UNESCO World Heritage Site
- Part of: Minoan Palatial Centres
- Criteria: Cultural: ii, iii, iv, vi
- Reference: 1733-001
- Inscription: 2025 (47th Session)

= Knossos =

Archaeological site and Minoan palace complex in Heraklion, Crete

Knossos (/(kə)ˈnɒsoʊs, -səs/; Κνωσσός; Κνωσός; Linear B: 𐀒𐀜𐀰 Ko-no-so) is an archaeological site and ancient urban centre in Crete, Greece. It is located within the southern periphery of Heraklion, about 5 km south of the city's historic centre. The site was occupied from the Neolithic period into the first millennium AD and became the largest and best-known centre of the Minoan civilisation.

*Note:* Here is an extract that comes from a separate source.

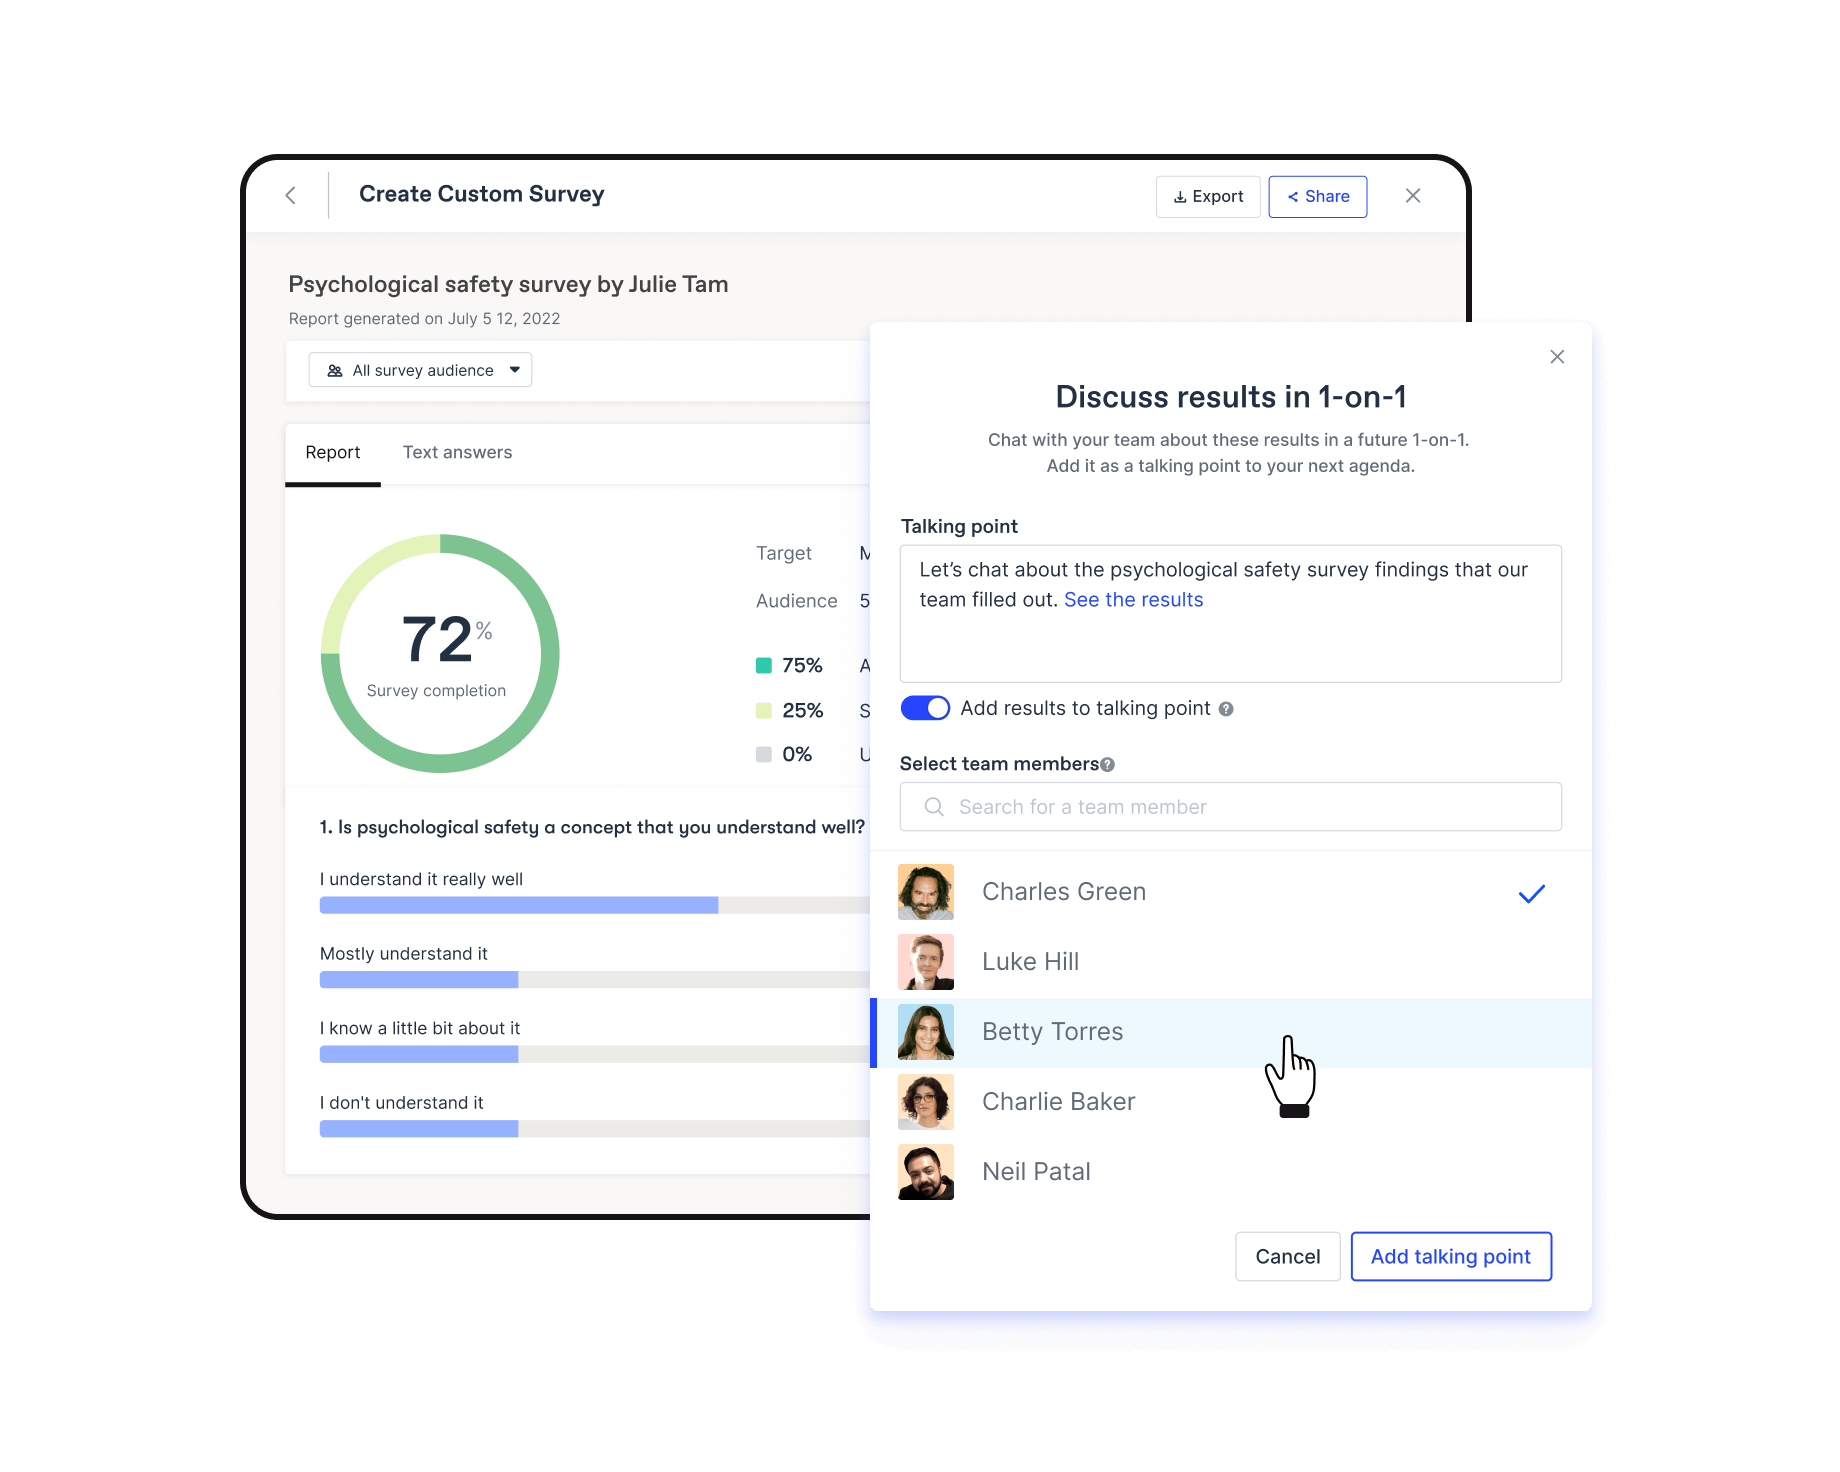 Officevibe custom survey results panel, allowing to add results as a talking point of a future 1-on-1 meeting with your team.

Knossos is widely considered Europe's oldest city.

Settlement on Kephala hill began around 7000 BC, making Knossos one of the earliest known Neolithic settlements on Crete. Its expansion into an urban centre accelerated at the beginning of the second millennium BC. Knossos became a leading centre of the Minoan civilisation, widely regarded as Europe's earliest advanced civilisation. Occupation of the valley continued through the Greek, Roman and early Byzantine periods.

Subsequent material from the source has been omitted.